Князь Курбский, как владелец Ковеля, был буквально принужден вести малые войны с соседями-шляхтичами, как католиками, так и православными. Увы, я не преувеличиваю. Историки обнаружили в польских архивах документы о десятках «междусобойчиков» с участием Андрея Ярославского, как именовал себя Курбский в изгнании. Май 1566 г. – вооруженные столкновения с частной армией Александра Федоровича Чарторыйского. В августе того же года – конфликт с владельцами местечек Донневичи и Михилевичи. Ноябрь 1567 г. – стычки с вооруженной челядью семейства сендомирского каштеляна Станислава Матеевского. В конце 1569 г. – боестолкновения с частной армией Матвея Рудомина, много убитых и раненых. В августе 1570 г. «малая война» (по выражению историка И. Ауэрбаха) с князем Андреем Вишневецким за передел границ имений. Вооруженные пограничные столкновения между дружинниками Курбского и частной армией Вишневецкого происходили в феврале 1572 г., в августе 1575 г.

Тут стоит заметить, что в те годы клан Вишневецких хотя и слыл оплотом православия, но действовал не хуже разбойников с большой дороги. Что им какой-то князь Курбский. Вот, к примеру, в конце XVI века семейство Вишневецких захватило довольно большие территории вдоль обоих берегов реки Сули в Заднепровье. В 1590 г. польский сейм признал законными приобретения Вишневецких, но московское правительство часть земель считало своими. Между Польшей и Россией был «вечный» мир, но Вишневецкий плевал равно как на Краков, так и на Москву, продолжая захват спорных земель. На Северщине из-за городков Прилуки и Сиетино началась полномасштабная война. Московское правительство утверждало, что эти городки издавна «тянули» к Чернигову и что «Вишневецкие воровством своим в нашем господарстве в Северской земли Прилуцкое и Сиетино городище освоивают». В конце концов в 1603 г. Борис Годунов велел сжечь спорные городки. Люди Вишневецкого оказали сопротивление и понесли большие потери.

Понятно, что сведения Андрея Курбского как о языке, так и о жизни «по понятиям» в Малой Руси конца XVI века как кость в горле у украинских националистов, и сейчас о нем на Украине приказано молчать.

В 1977 г. во Львове на улице Подвальной близ Пороховой башни был сооружен большой памятник «украинскому первопечатнику Ивану Федорову». И во Львове же открыт Музей старинной украинской книги им.

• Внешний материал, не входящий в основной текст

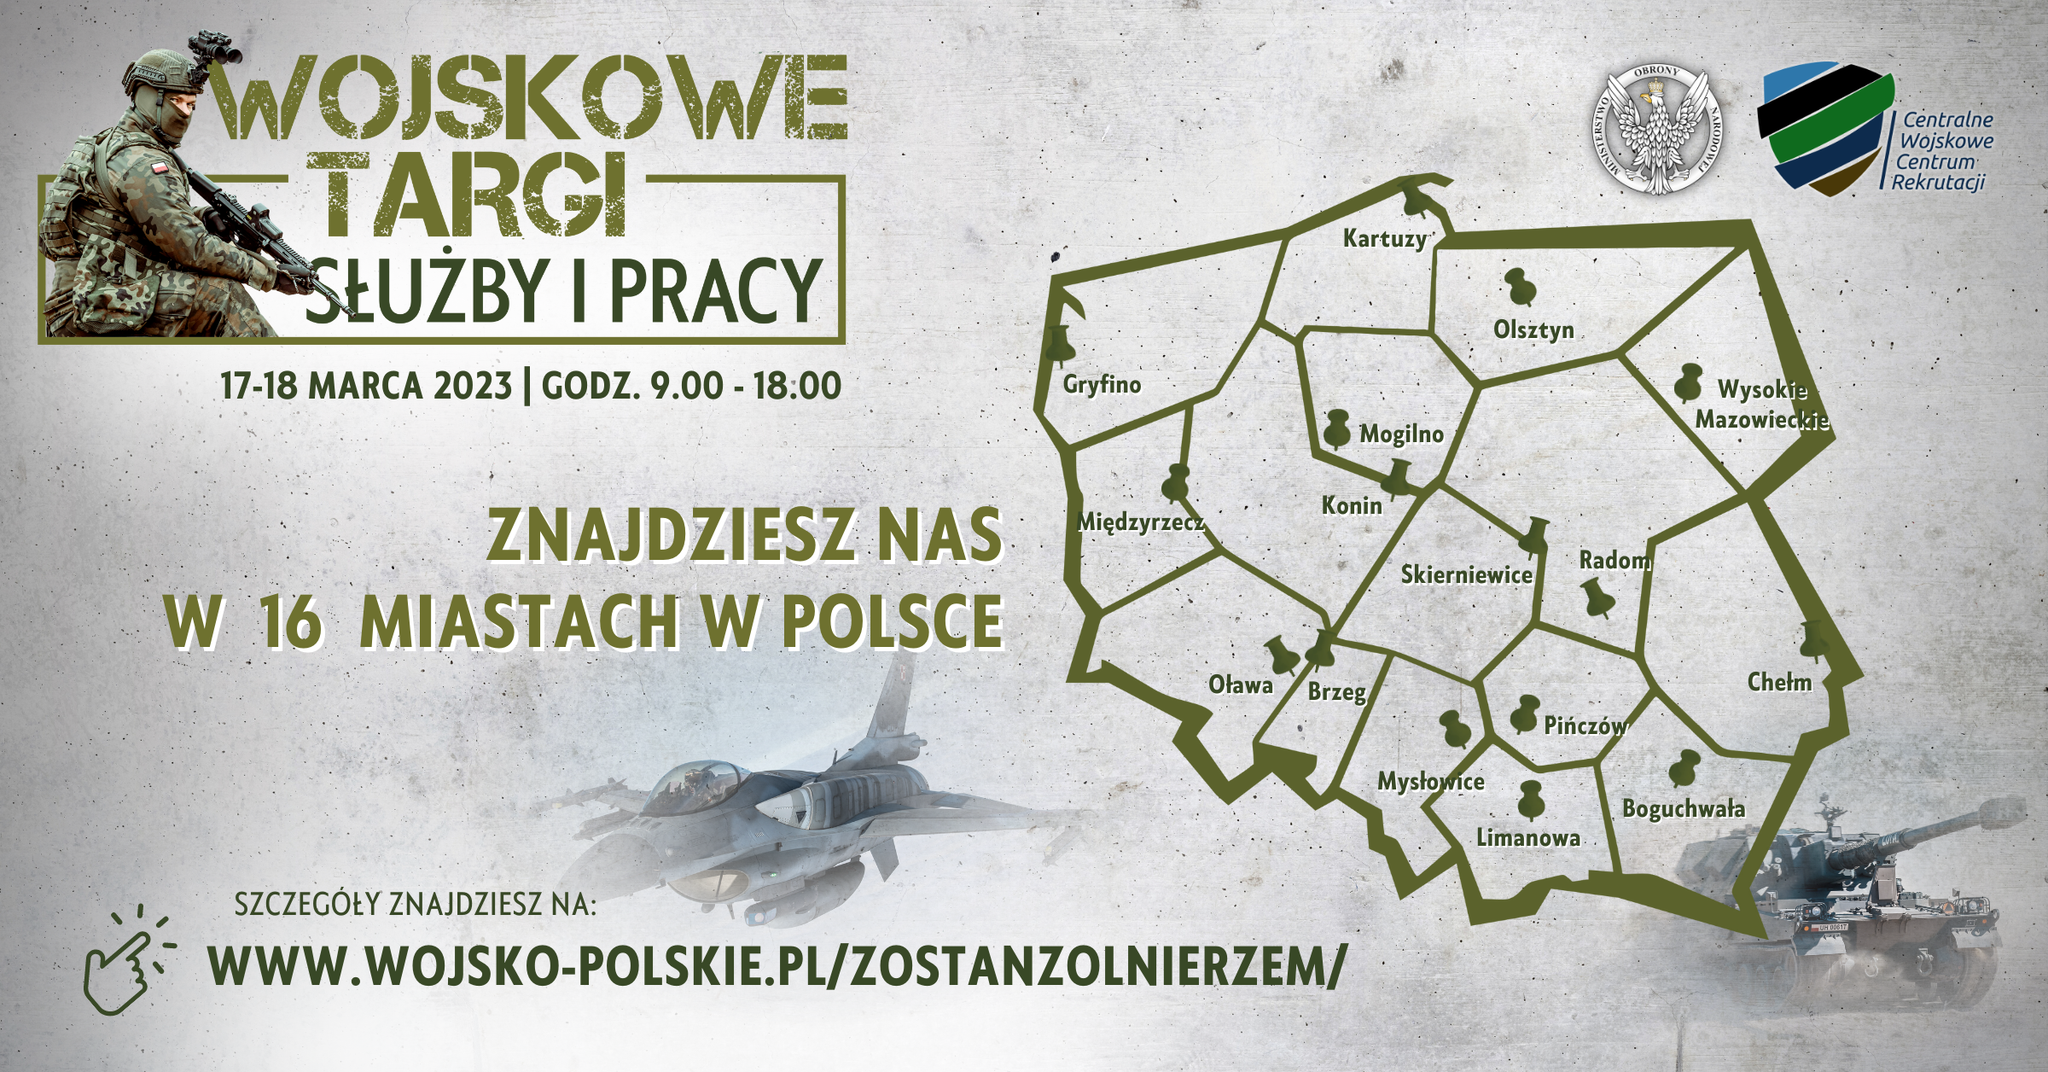 Baner informacyjny Wojskowych Targów Służby i Pracy przedstawiający uproszczoną mape Polski z zaznaczonymi 16 miastami
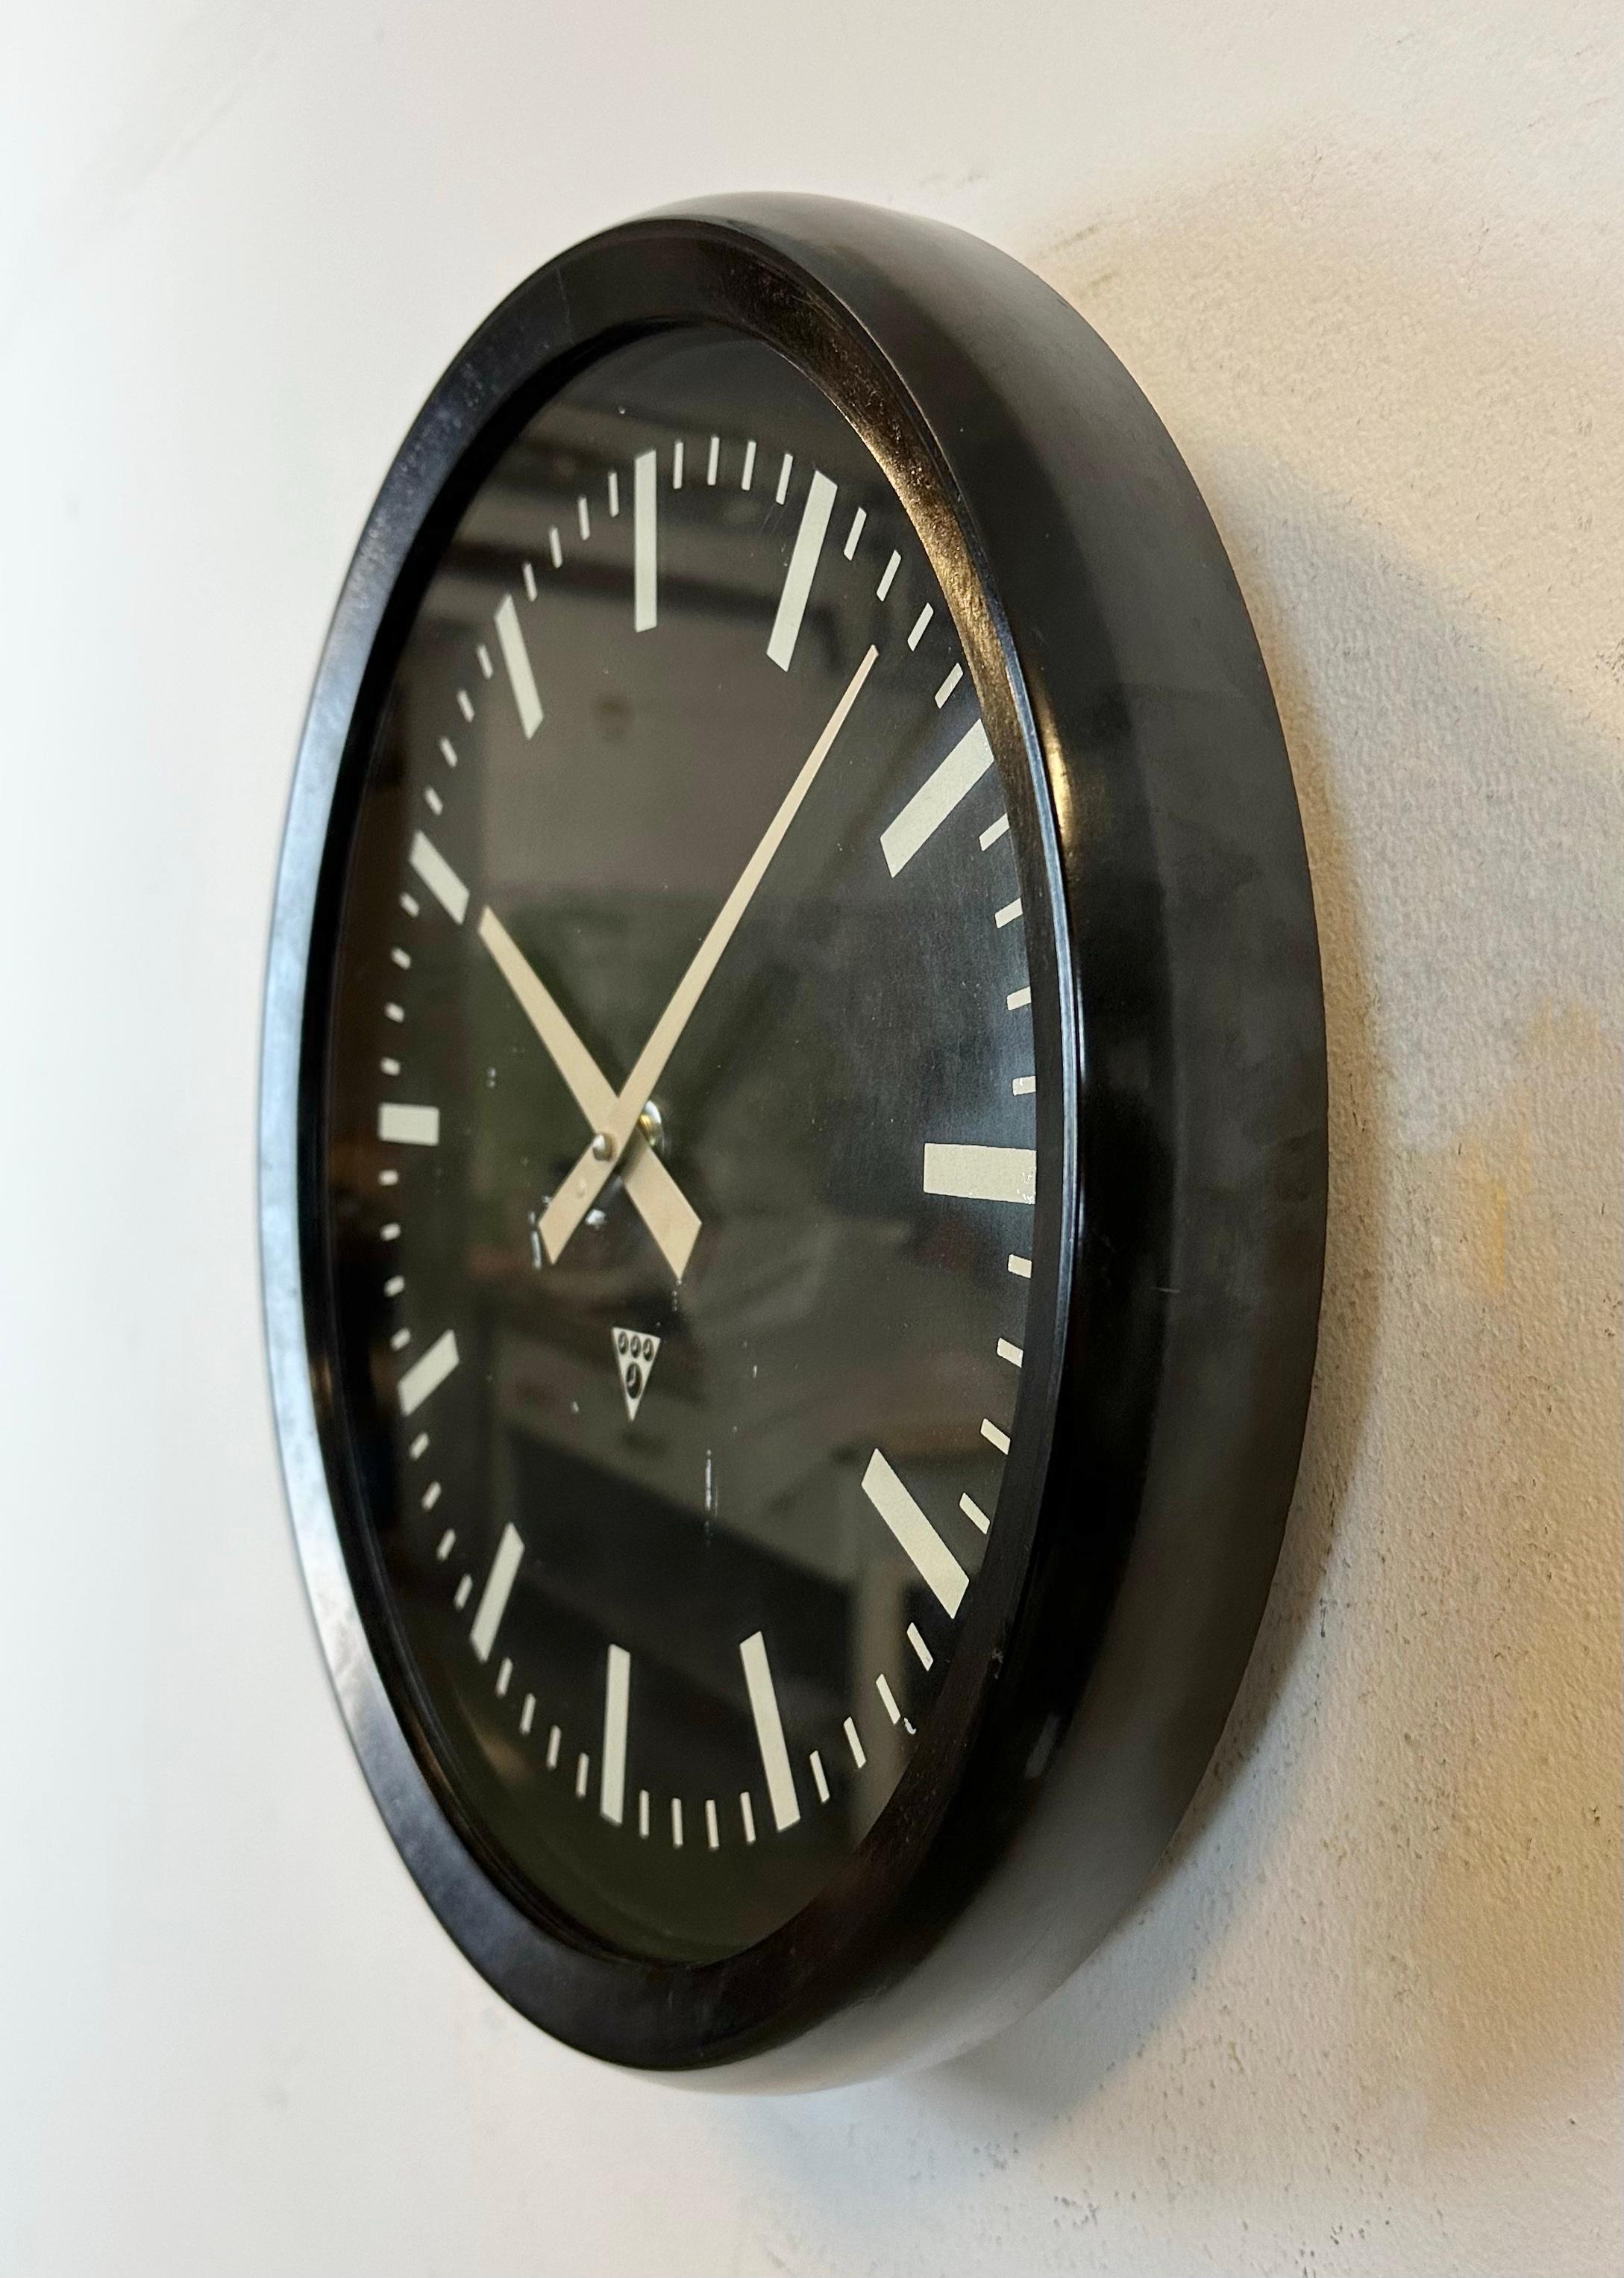 Diese Wanduhr wurde von Pragotron in der ehemaligen Tschechoslowakei in den 1970er Jahren hergestellt. Die Uhr hat einen dunkelbraunen (schwarzen) Bakelitrahmen, ein schwarzes Bakelit-Zifferblatt, Aluminiumzeiger und eine Klarglasabdeckung. Das

Ивана Федорова.

Так, может, Широкорад ошибается – был великий и могучий украинский язык, раз на нем издавал книги еще в XVI веке великий украинский первопечатник?

Только вот почему в Москве на Охотном ряду с 1909 г. тоже стоит памятник первопечатнику Ивану Федорову? Они что, однофамильцы или родственники?

Увы, это был один человек, и печатал он книги только на одном языке. Догадайтесь с трех раз, на каком?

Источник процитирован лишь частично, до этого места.